What is required
Return the data below in full and exactly, except that the pictures are dropped.

Exercise data
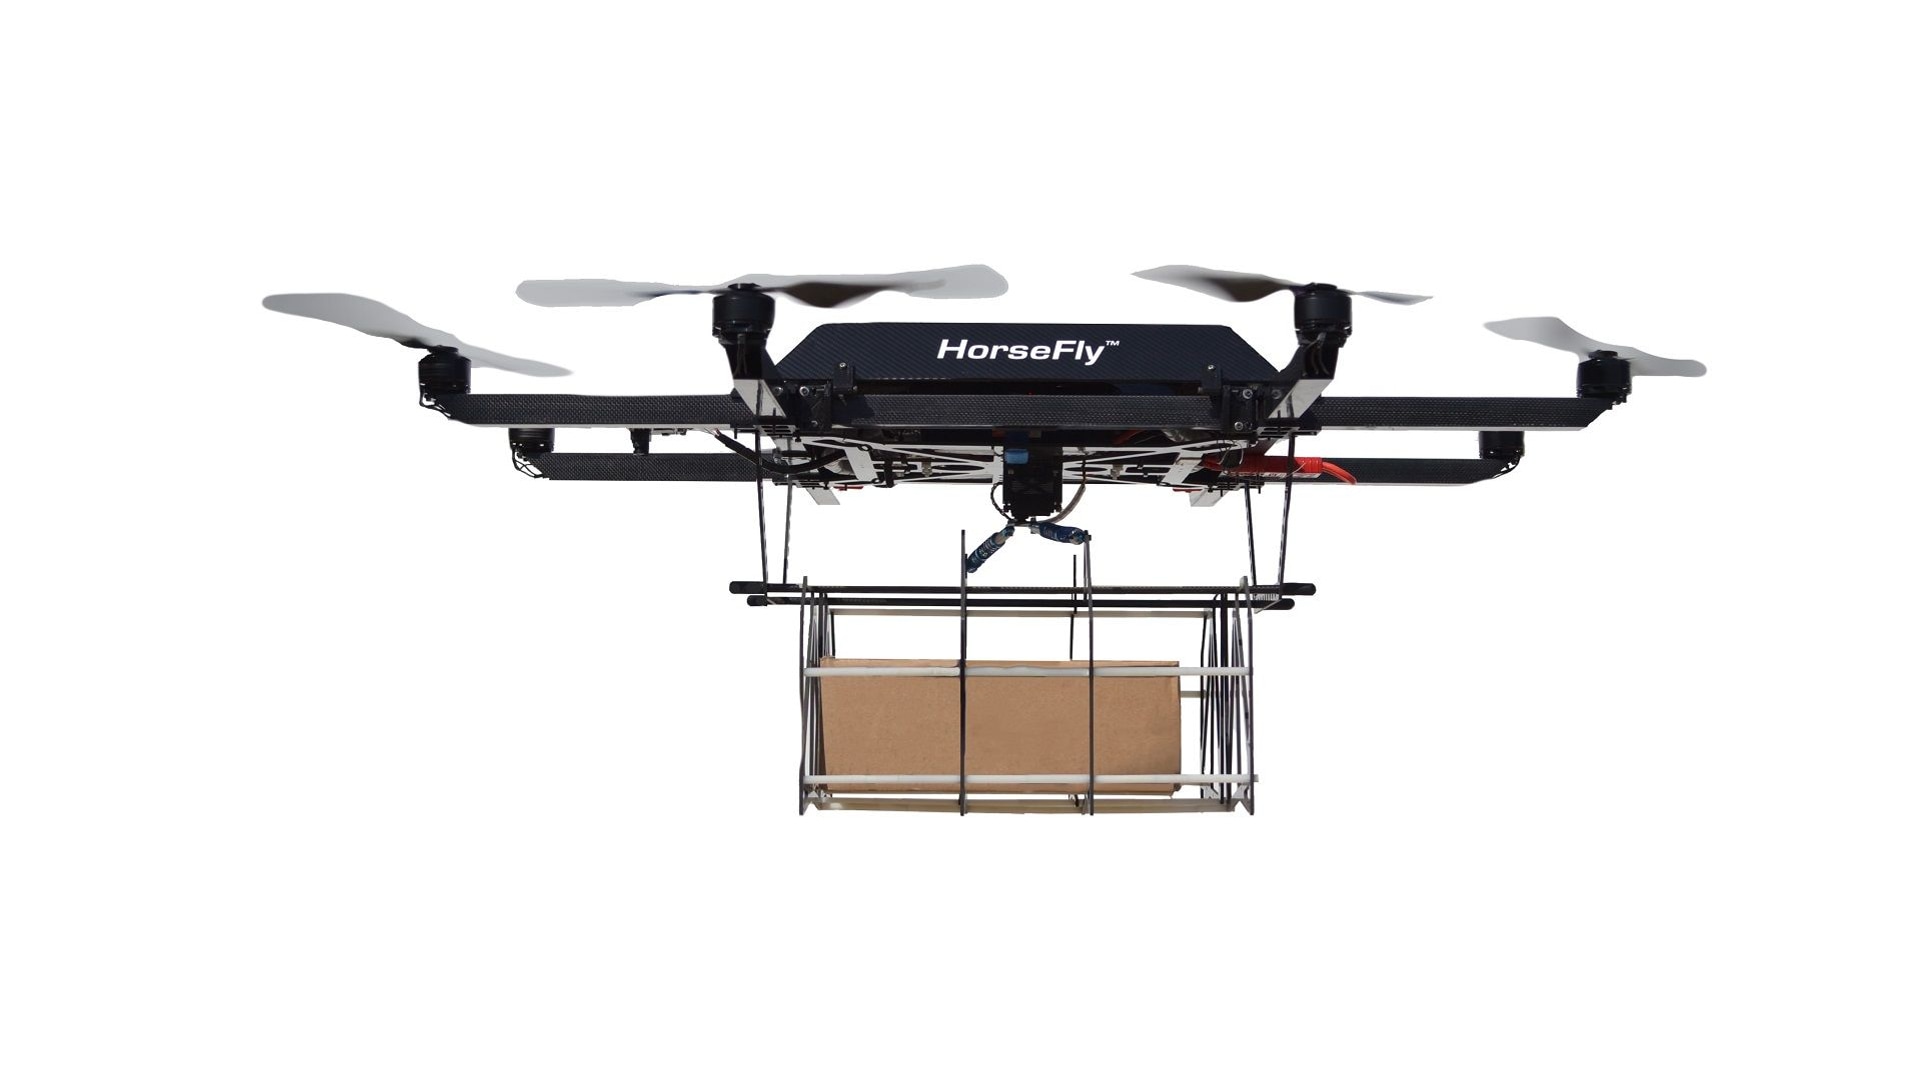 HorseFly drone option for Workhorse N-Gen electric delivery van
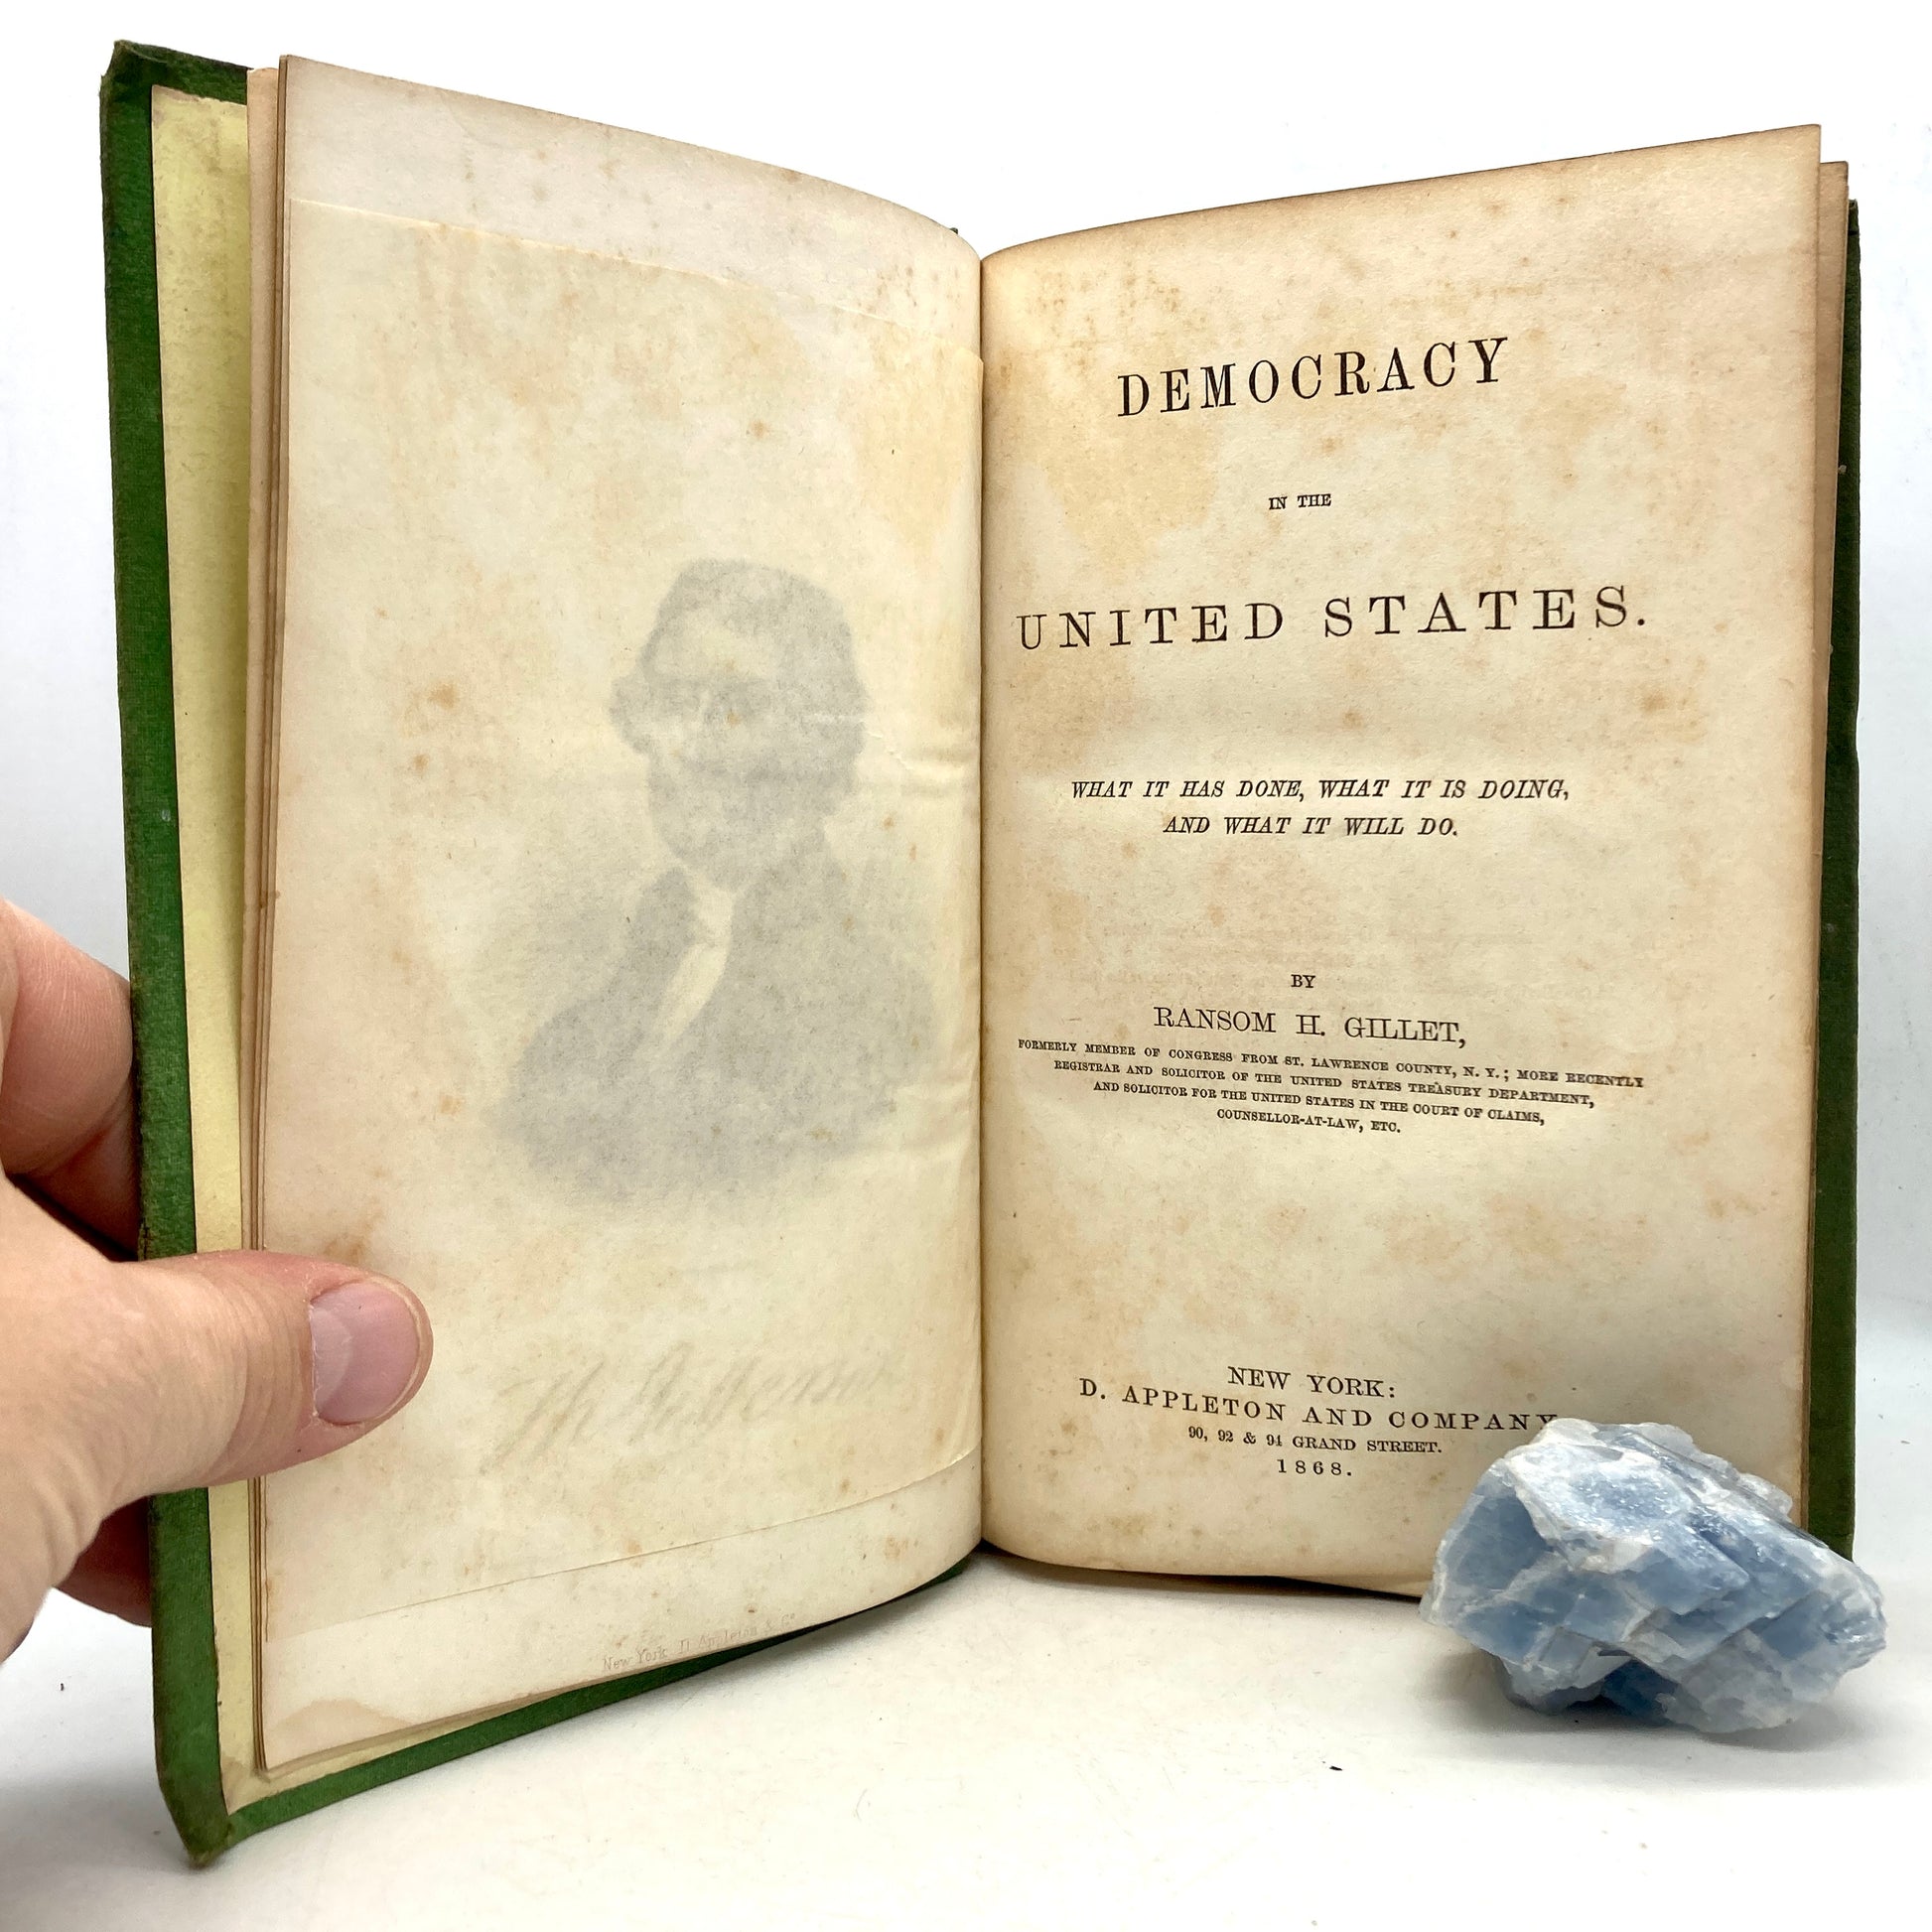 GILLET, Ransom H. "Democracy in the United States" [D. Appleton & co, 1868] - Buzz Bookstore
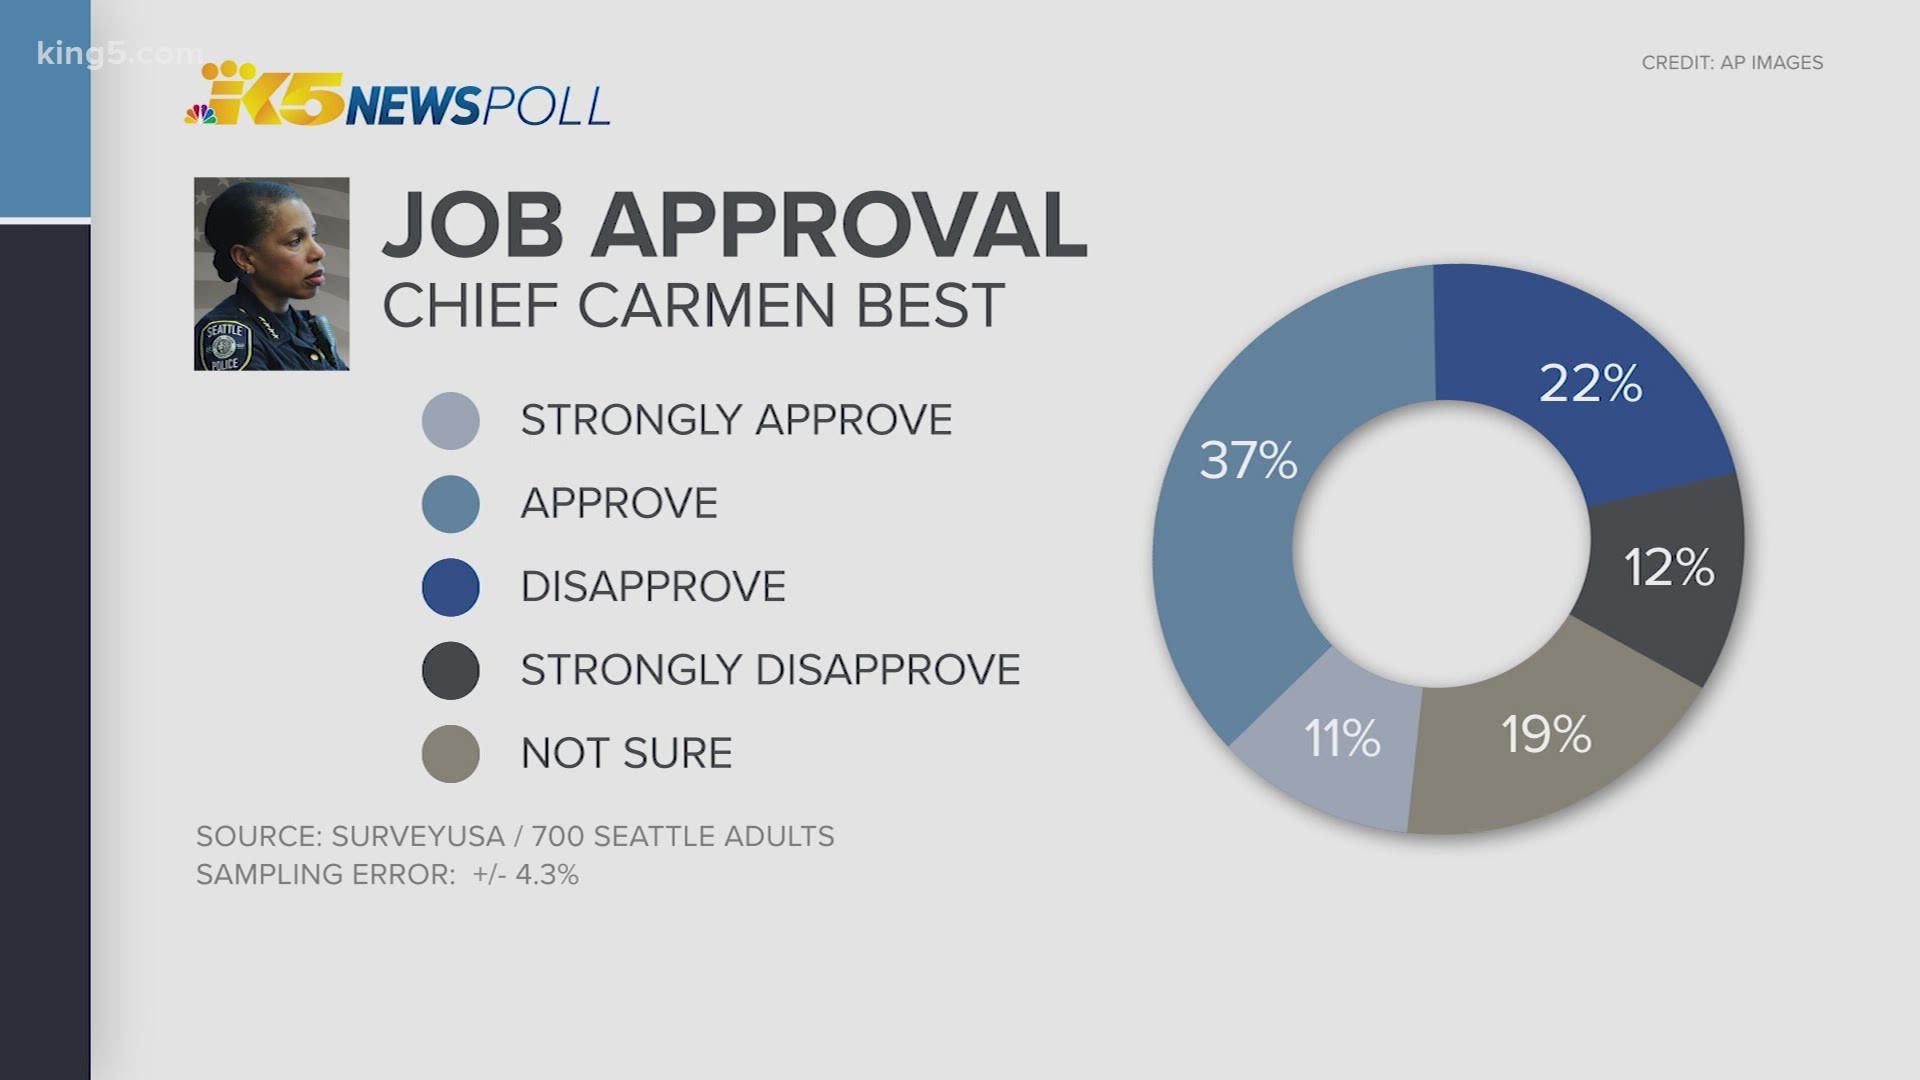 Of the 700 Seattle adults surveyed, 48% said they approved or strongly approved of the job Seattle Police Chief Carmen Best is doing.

Answer to this task
 HorseFly drone option for Workhorse N-Gen electric delivery van
 GILLET, Ransom H. "Democracy in the United States" [D. Appleton & co, 1868] - Buzz Bookstore
 Of the 700 Seattle adults surveyed, 48% said they approved or strongly approved of the job Seattle Police Chief Carmen Best is doing.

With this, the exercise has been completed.